Jock Finlayson, executive vice-president, of the Business Council of B.C. Photo: BCBC

Economic outlook projects stable growth for B.C.

But economist says new NDP housing taxes pose concern

The projected growth for B.C.’s economy over the next two years should be consistent but not robust, says one of the leading economists in the province.

But there are several underlying issues that pose some risk to projected stable growth, says Jock Finlayson, executive vice-president of the Business Council of B.C.

Finlayson points to new taxes introduced by the NDP provincial government on the housing industry, a continued under-performance of capital investment and growth in the business sector and need to address Canada’s weakening overall competitiveness in the global export market.

While clean and environmental-friendly technology may be the growth sector of the future, Finlayson said green-thinking politicians in Ottawa and Victoria are losing sight of the importance resource-based industries play in our current economic fortunes.

“The Canfor forest products company had more exports out of B.C. last year than the entire clean technology industry did across Canada,” Finlayson said.
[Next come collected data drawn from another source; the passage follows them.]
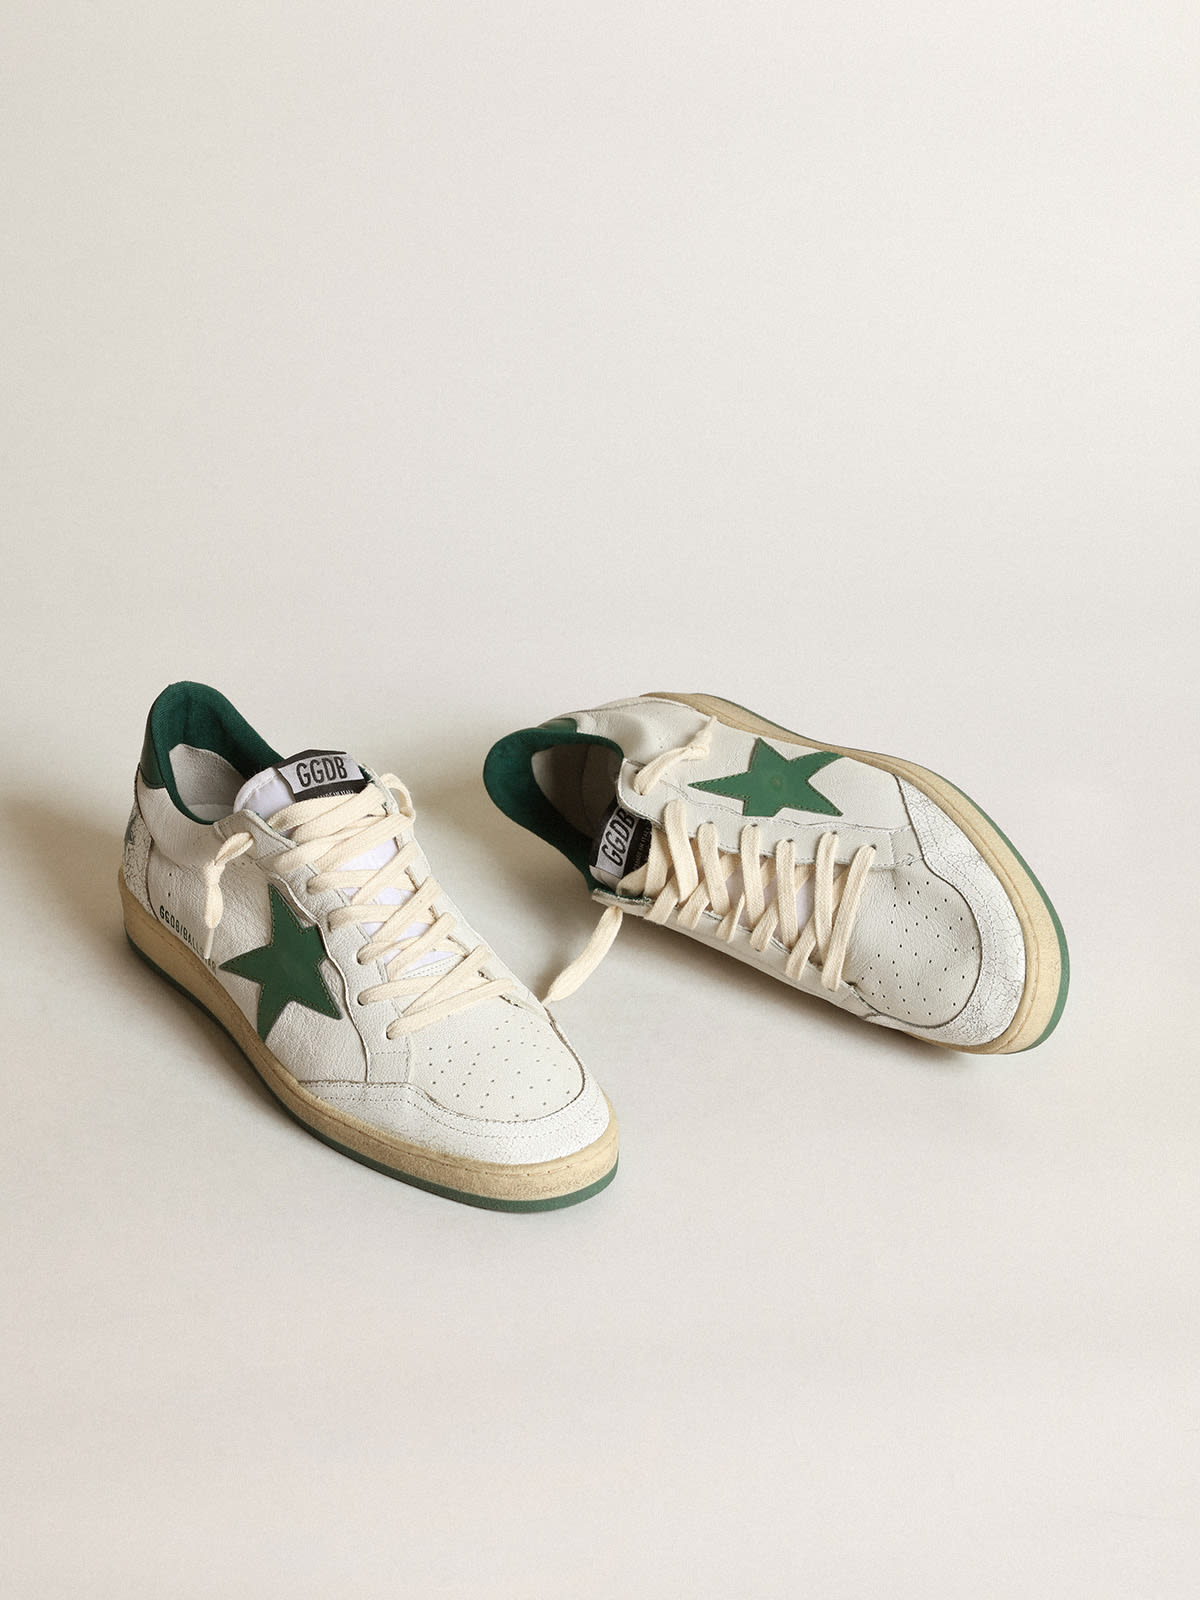 Golden Goose - Sneaker Ball Star aus weißem Nappaleder mit Stern und Fersenpartie aus mattgrünem Leder in 
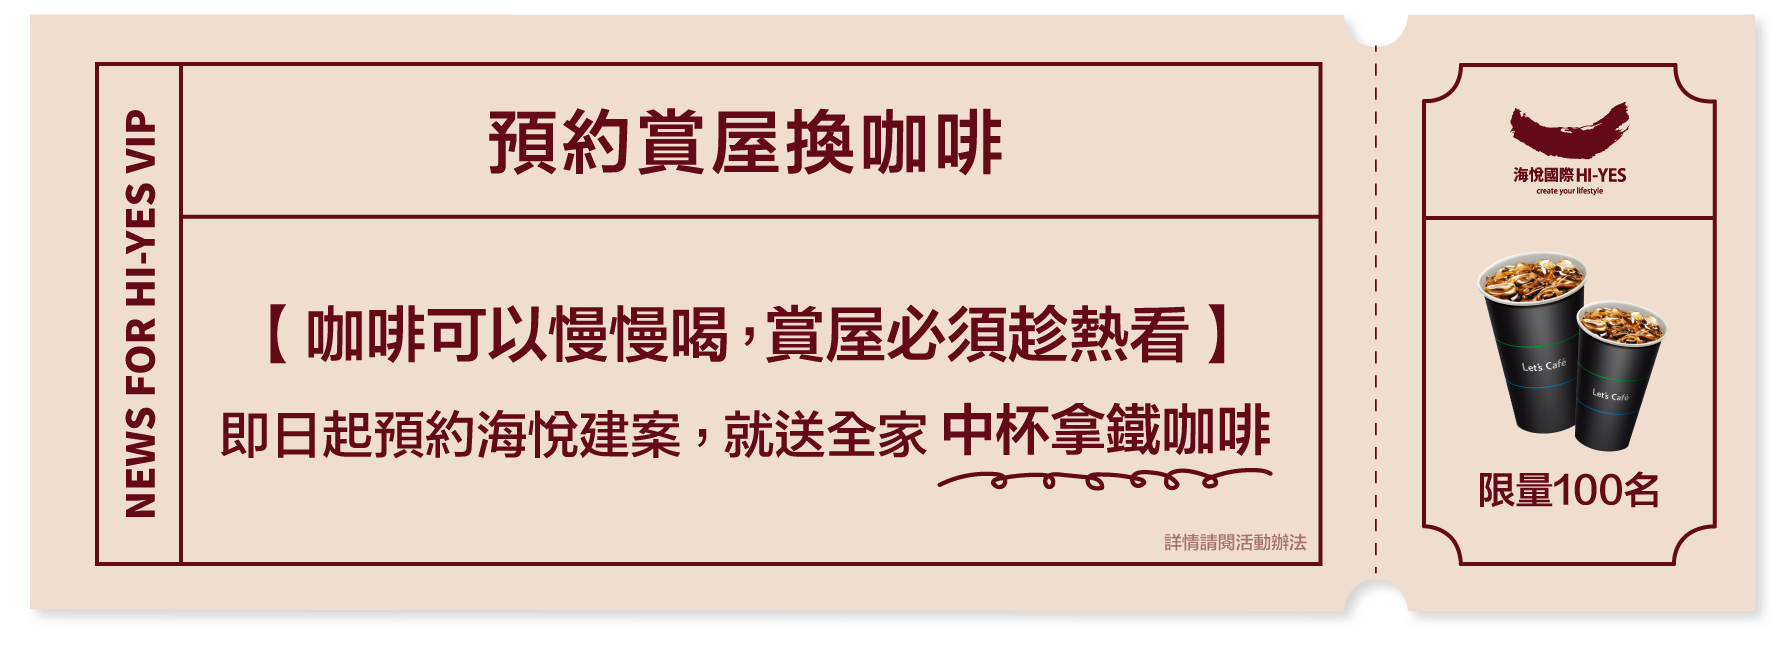 海悅國際指定網站線上預約送拿鐵
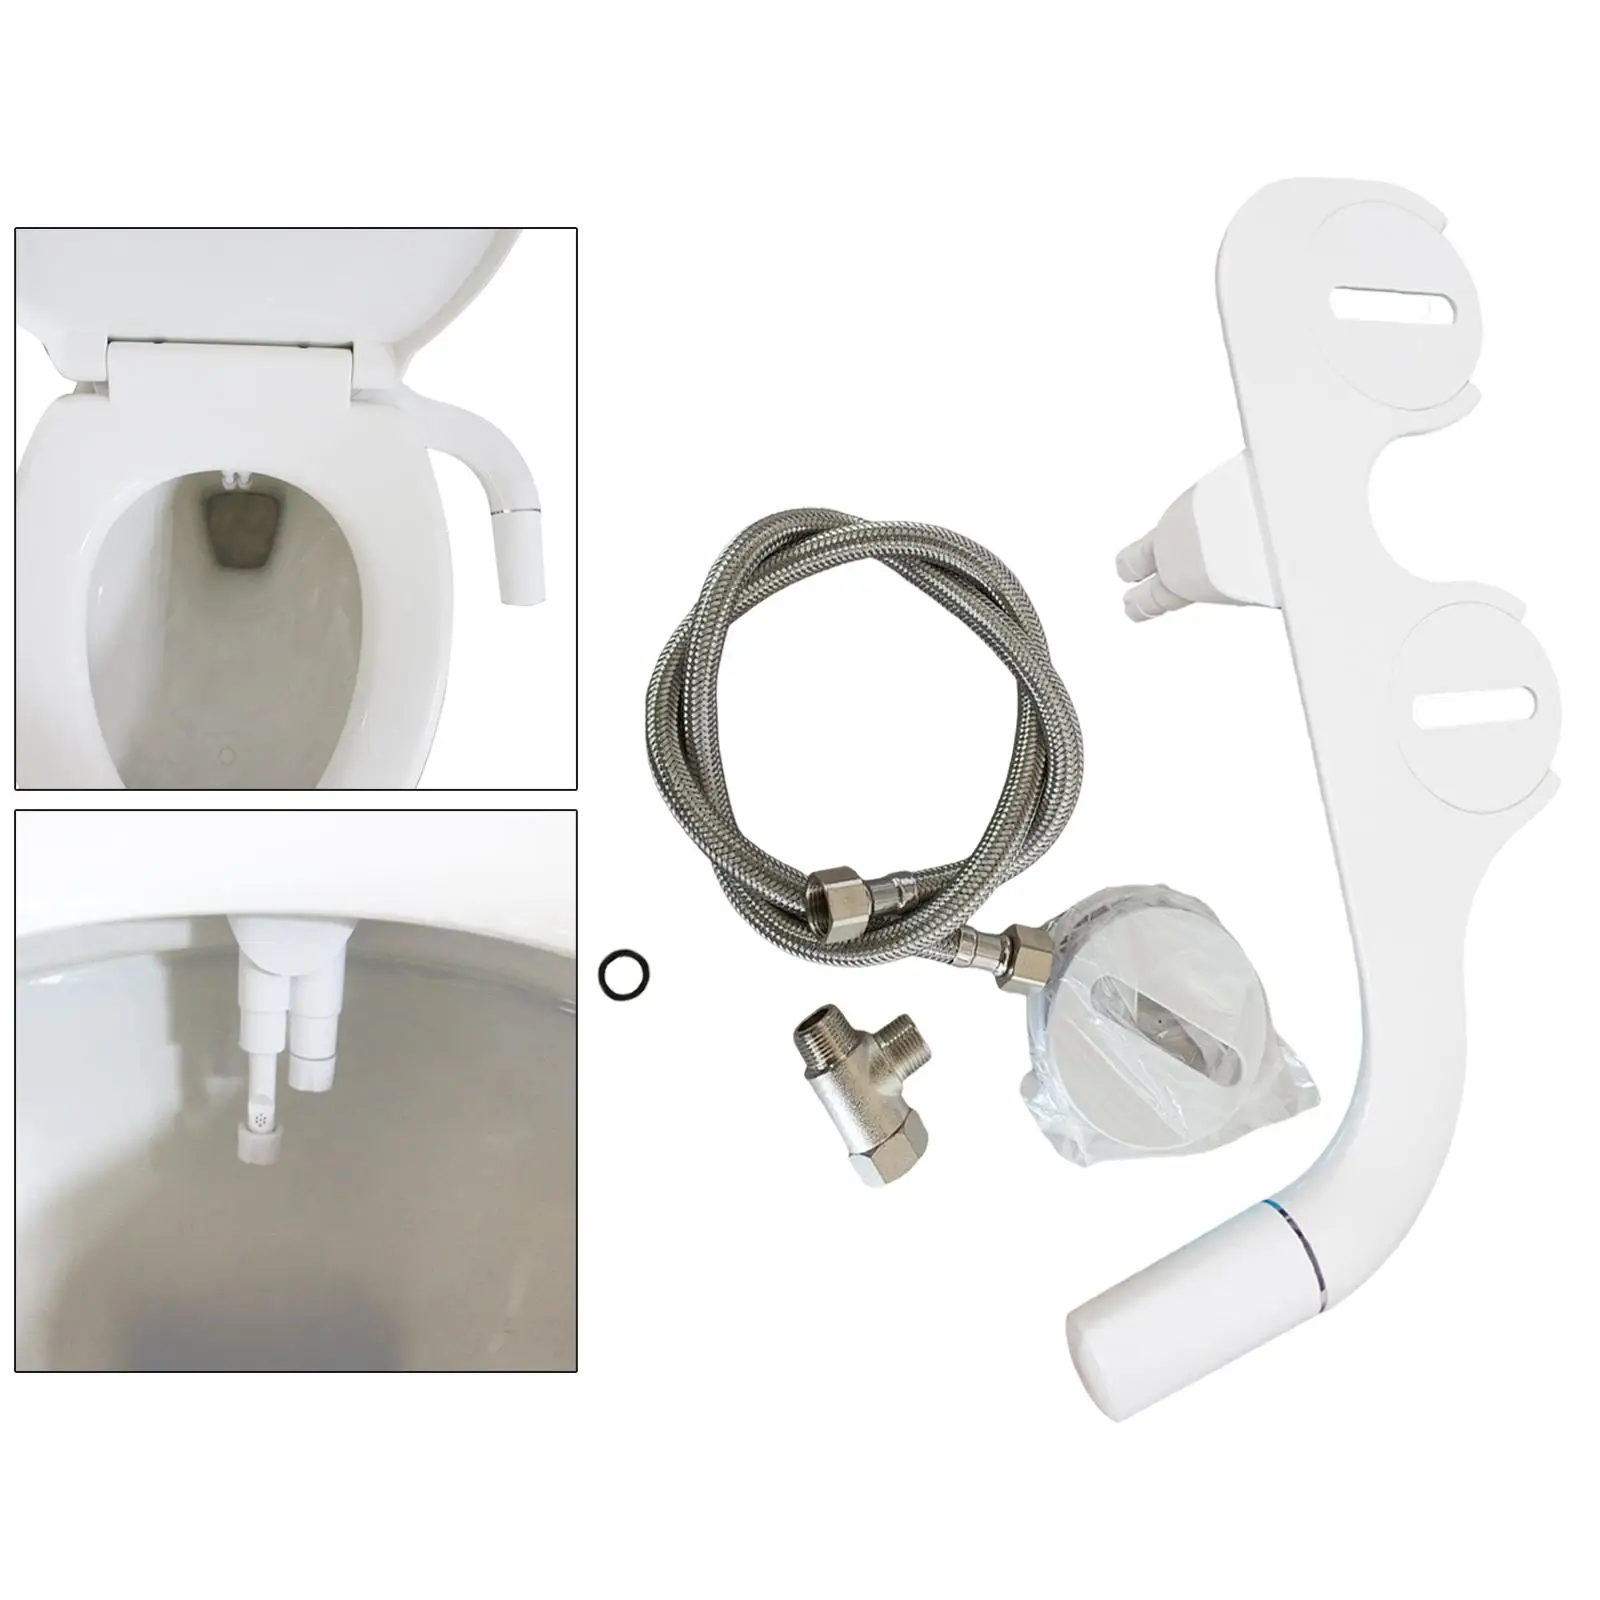 Bidet Toilet Seat Attachment Adjustable Mechanical Einfach zu installieren for Bathroom
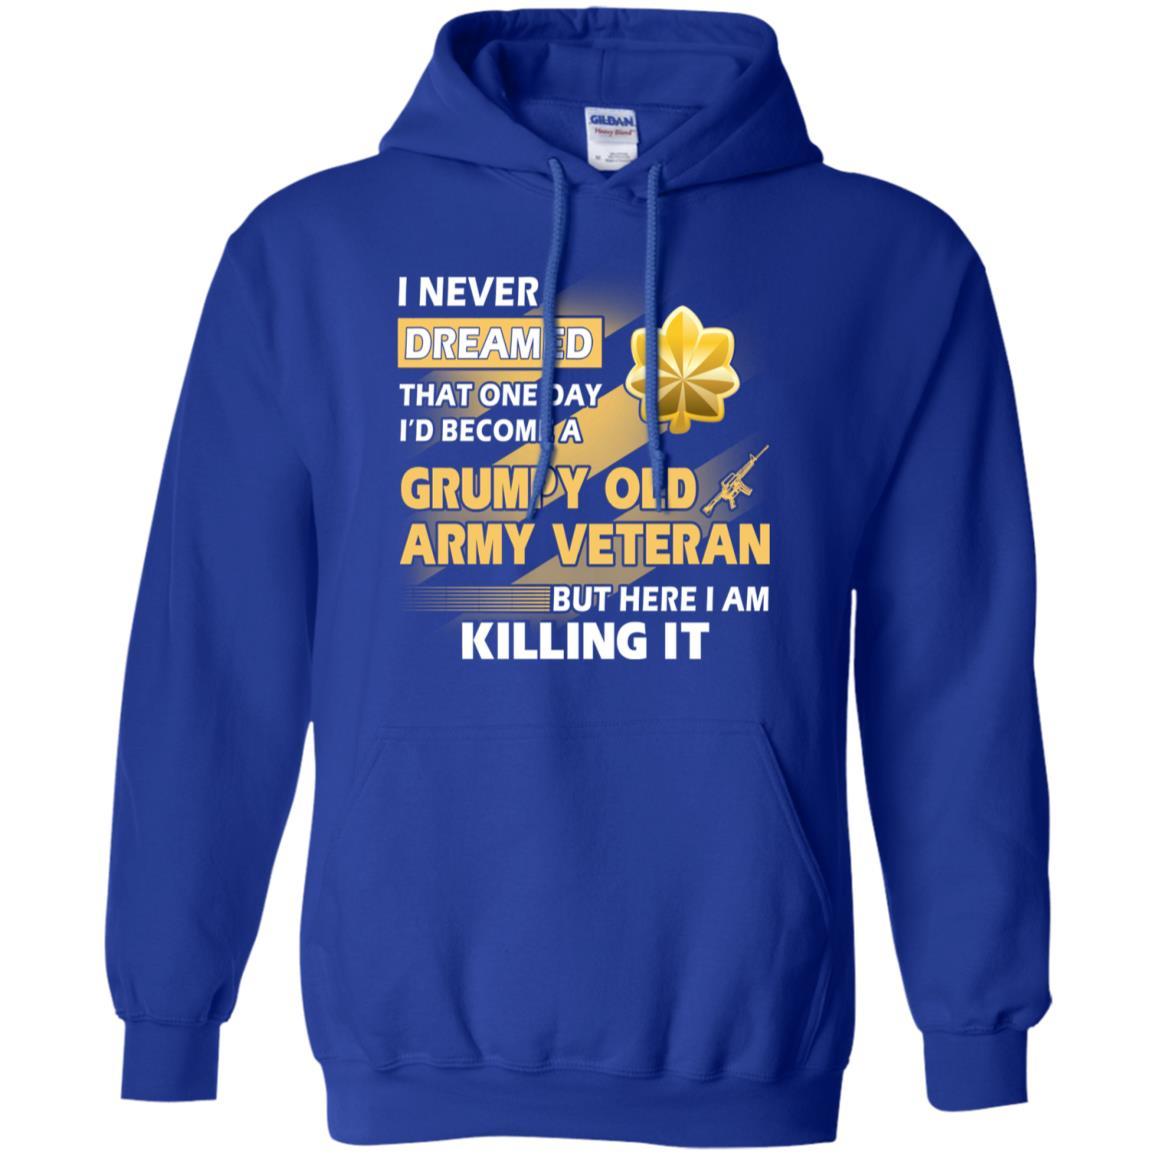 US Army T-Shirt "Grumpy Old Veteran" O-4 Major(MAJ) On Front-TShirt-Army-Veterans Nation
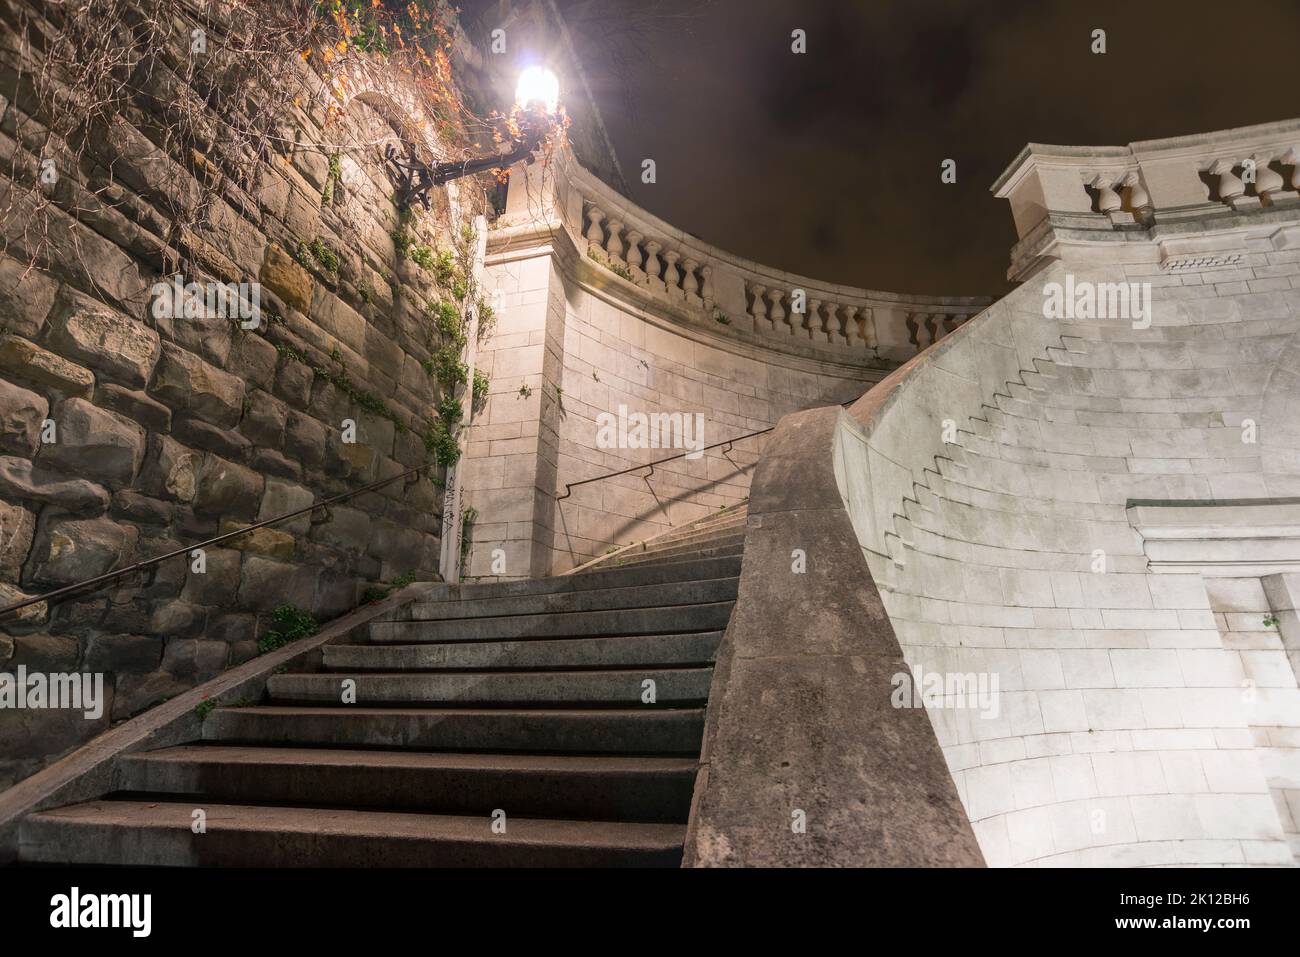 Enormes escalones de piedra de escaleras serpenteantes iluminadas por la noche en la ciudad de Trieste, Italia Foto de stock

“It’s worth noting that lumber made up 40 per cent of B.C.’s exports 20 years ago, and it was 37 per cent in 2017.”

Finlayson offered his insights on our national and provincial economies as the keynote speaker at the Urban Development Institute luncheon at the Coast Capri Hotel in Kelowna on Wednesday.

Related: MP says Canadian economy firing on all cylinders

While politicians in Ottawa and Victoria can’t talk enough about clean technology growth, Finlayson said the reality for our economy is resource based industries are a far more significant economic driver, and the lack of attention paid to that reality is disconcerting.

“If you look to our export growth, half of our exports come from resource-based industries. In B.C., that mark rises to 75 per cent. And another 20 per cent comes from the automotive manufacturing sector.

“So that makes up 70 per cent of Canada’s exports, while clean environment technology exports amount to 3.7 per cent, yet that is where politicians in Ottawa spend all of their attention.”

Resource extraction, he added, tends to also create larger job creation opportunities of high-paying job in the business sector, dispelling what he called the popular myth that small business is the backbone of the economy.

“Small business plays a role to be sure, but what causes more impact on economic growth is companies with 50 or more employees. The reality is in small business half of those businesses that start up don’t last past five years, and 80 per cent of those that do won’t grow significantly in employees.”

“To get the economy to move, you need more of those mid-size and larger firms to be hiring people. When the size of the business is larger, earnings for employees tend to go up. We need to see an environment for growth created by governments to encourage that, but it’s not happening.”

Finlayson said B.C.’s performance is poor in terms of corporate capital infrastructure investment, which is mirrored by similar concerns across the country.

“That is damaging our competitiveness and potential capital investment is being redirected to other countries. For us to accelerate business growth, we need to find ways to encourage capital infrastructure investment,” he said.

Finlayson said a quartet of new taxes on B.C.’s real estate industry generates concern for him because the housing industry has been an influential factor in the province’s strong 2017 economic showing.

“The proposed new taxes, and the speculation tax details that have yet to be ironed out, are a case of ready, aim, fire on the housing side. There is the potential here to destabilize a sector that has seen unprecedented growth in recent years, coupled with already tighter mortgage qualification rules and expected interest rate increases.

“I understand the desire to deal with the affordable housing issue, but these new taxes to create revenue for the government may have an undermining effect if housing development drops off.”

He said for Kelowna, the housing and financial sectors have created a job creation surge over the last 18 months, preceded by five to six years of flatlined job growth.

“What we call the housing complex sector, building new homes, home renovation and financial services related to the housing industry, have been a driver for your local economy.”